General Instrument AY-3-8912

The AY-3-8912 was a 3-voice sound chip designed by General Instrument. Yamaha also produced the design under license as the YM2149. The 8912 was a popular chip in many arcade games, and was used on, among others, the Intellivision and Vectrex video game consoles and the MSX, Atari ST, Amstrad CPC and Sinclair ZX Spectrum+ 128 home computers as well as the Mockingboard sound card for the Apple II family.

It produced very similar results to the Texas Instruments SN76489 and was on the market for a similar period.

Contents

Chip variants

The 8912 is one of three related designs: the AY-3-8910 included two general-purpose 8-bit parallel I/O ports, the 8912 had one port, and the AY-3-8913 had none. Originally intended as a "cut down" version of the 8910, the 8912 removed one port to reduce the pin count by 12, and thus cost of implementation. The 8913 reduced it only another four pins, making it not that much more attractive. While even the single port on the 8912 seems uneeded in most applications, it was nevertheless the most popular version by far.

Description

The 8912 was register-based, with a set of sixteen registers controlling the sound output, programmed using a set of eight data/address pins that were controlled by the CPU (the data/address mode controlled by a pin on the chip). Six registers controlled the tones produced in the three channels, two eight-bit registers per channel but limited to 12-bits for other reasons, for a total of 4096 different tones. Another register controlled the period of a pseudo-random noise generator, with another controlling the mixing of this noise into the three channels. Three additional registers controlled the volume of the channels, as well as turning on or off the option envelope controls on them. Finally the last three registers controlled the times of the ADSR envelope controller, by setting the lengths of time for each stage of the cycle. Unlike most systems the 8912 used fixed times for the sustain and release, and a repeatable attack and decay pattern. For instance, the system could repeat the AD cycle of the sound over and over, or alternately invert it, starting loud and reducing to the sustain level without any attack phase.

Creative uses

Although the chip wasn't designed to handle raw PCM data (digital samples), the effect could be simulated.
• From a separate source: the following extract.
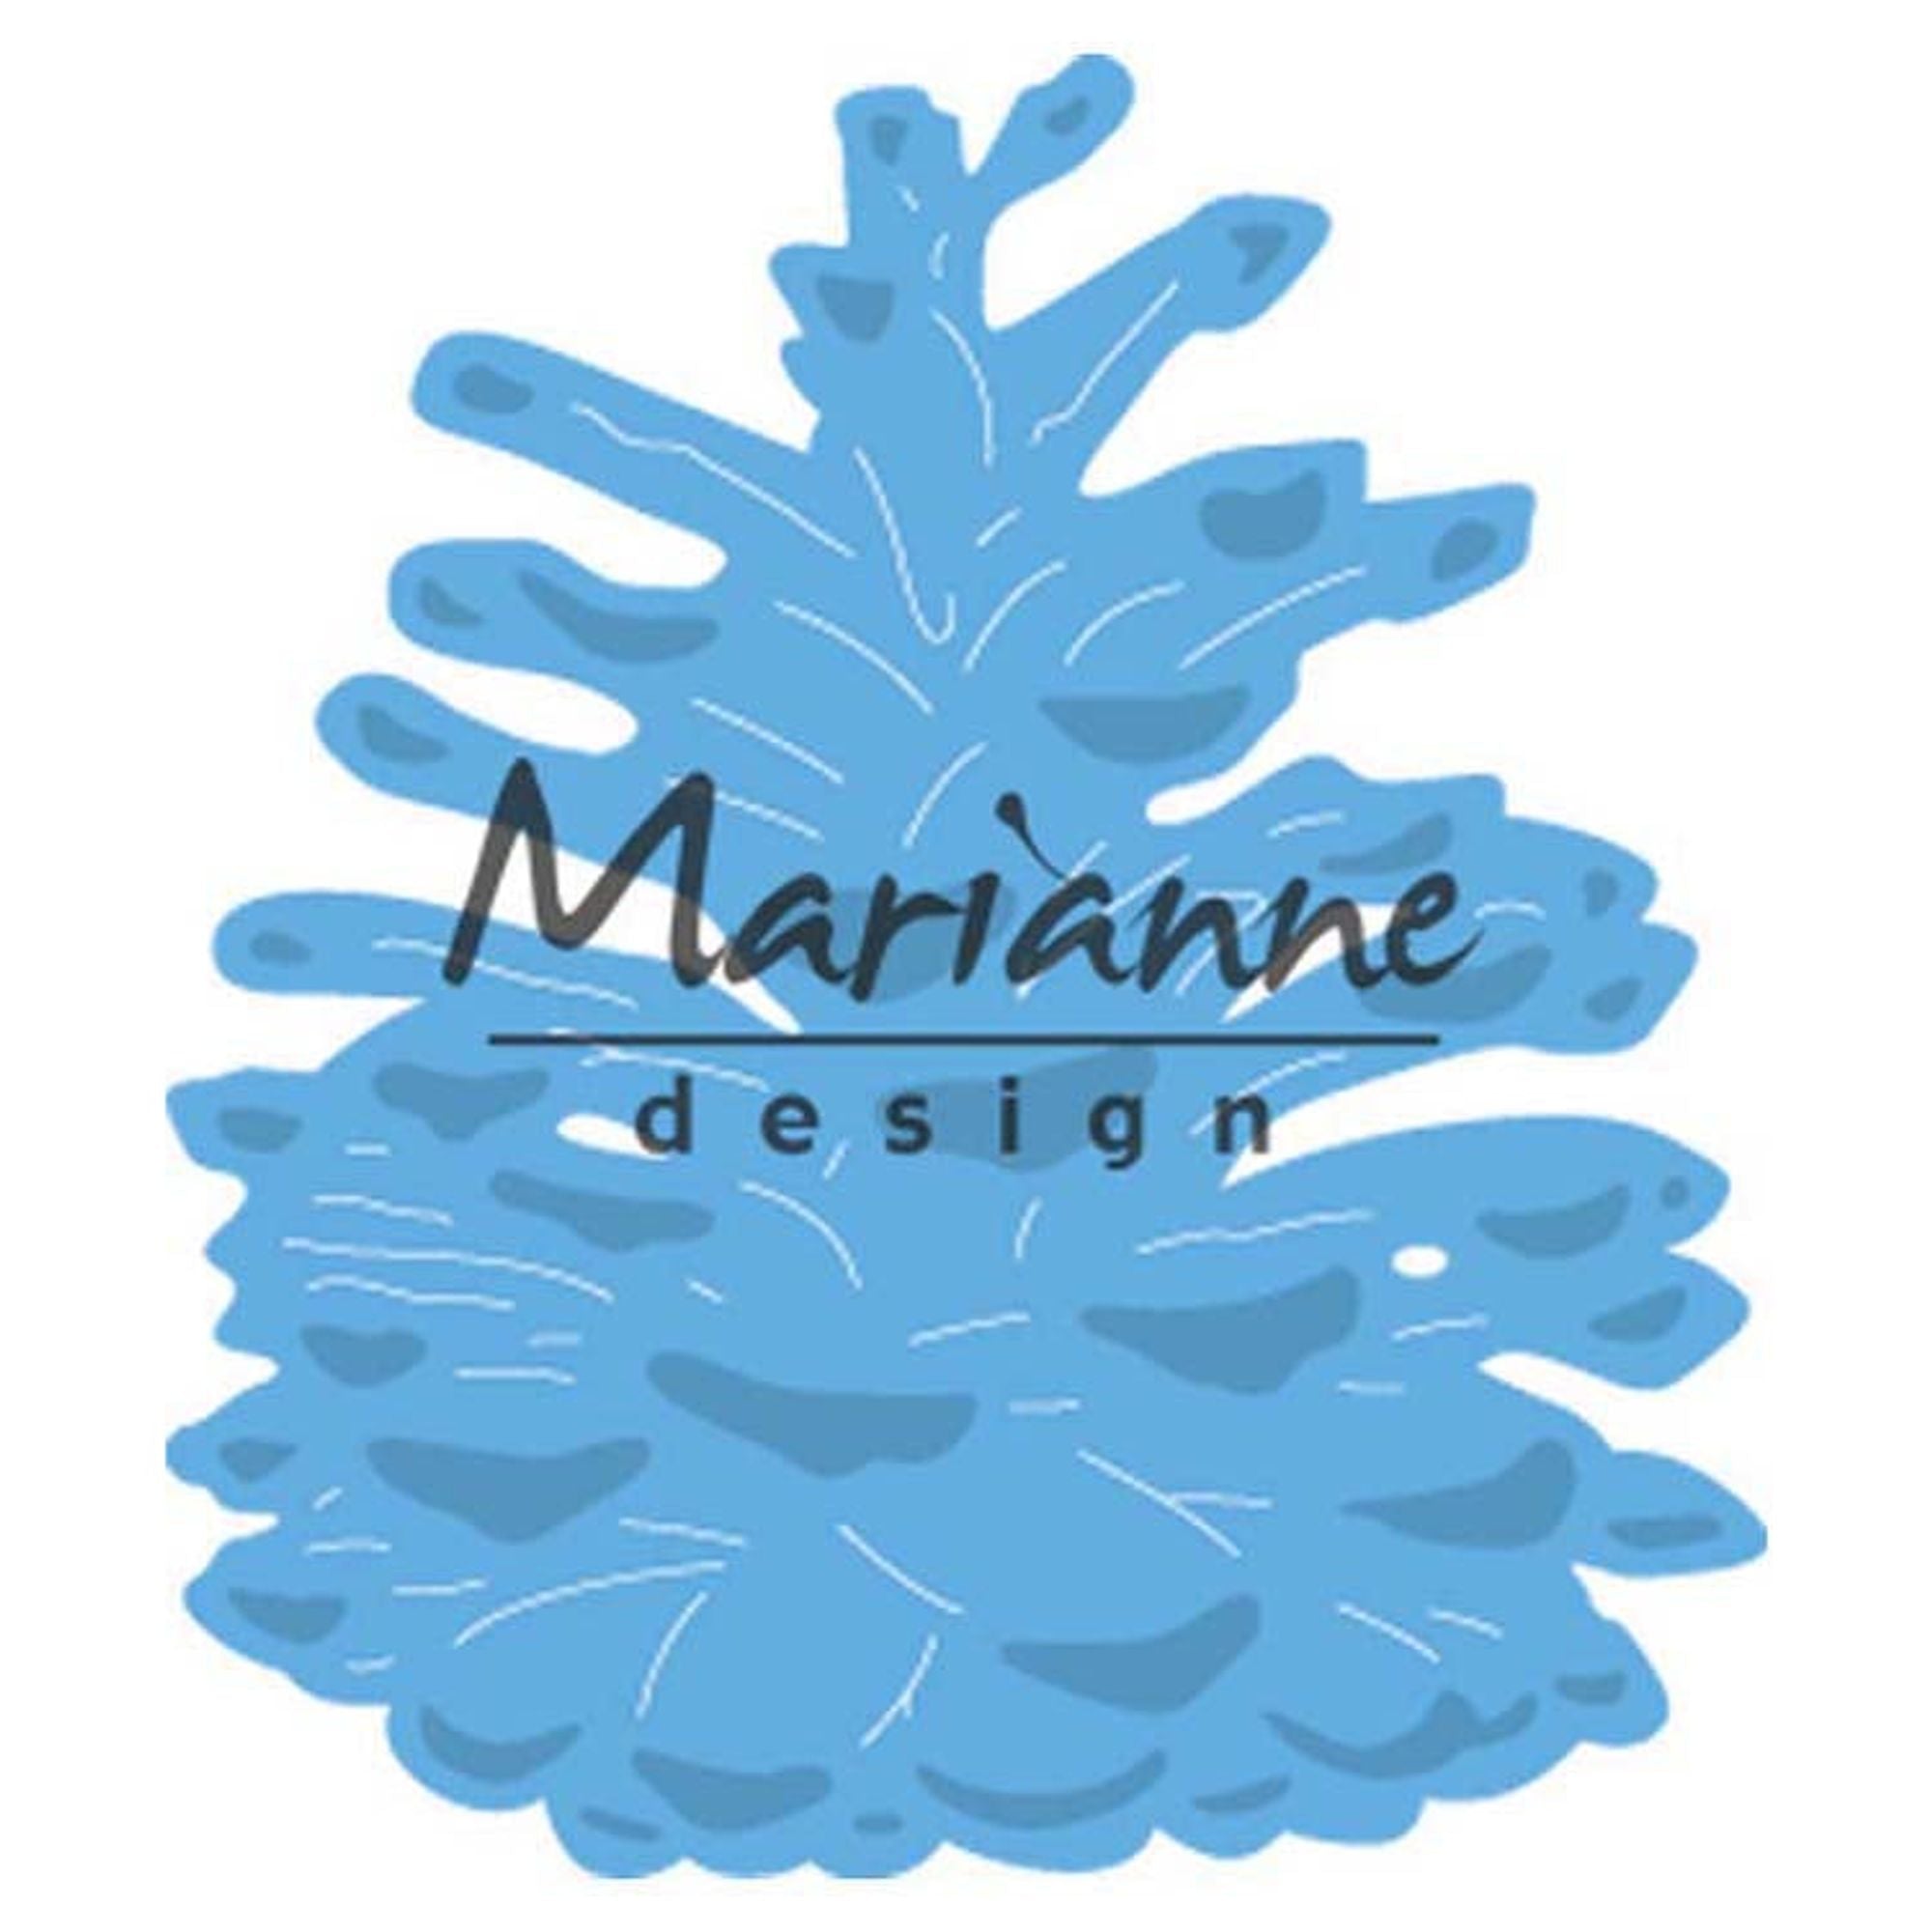 Marianne Design Creatables Tiny's Pine Cone

The chip used a simple OR based mixing function for combining noise and tone on its three channels and could be persuaded to produce a level non-zero wave. By altering the volume this level wave could be shaped into a waveform. Obviously, this involved more CPU usage than chips designed for this purpose (such as the Commodore Amiga's 8364 "Paula" sound chip), but it was nevertheless a technique widely used on platforms such as the Atari ST to play sampled music, and on the Amstrad CPC to play short audio samples, in some games.

Doing the same thing less times per second (in the order of a hundred per second) can replace the limited envelope functionality (any envelope you can think of), and last but not least works with each of the three channels individually. This takes negligible cpu power (provided there is some timer interrupt or vertical blank interrupt) and can be used in games.

In turn, the now useles envelope functionality can be set to very high frequency, actually generating a waveform that is not the usual squarewave. The granularity by which high frequencies can be set however is low (one may not be usable to play music, the author hasn't tested this).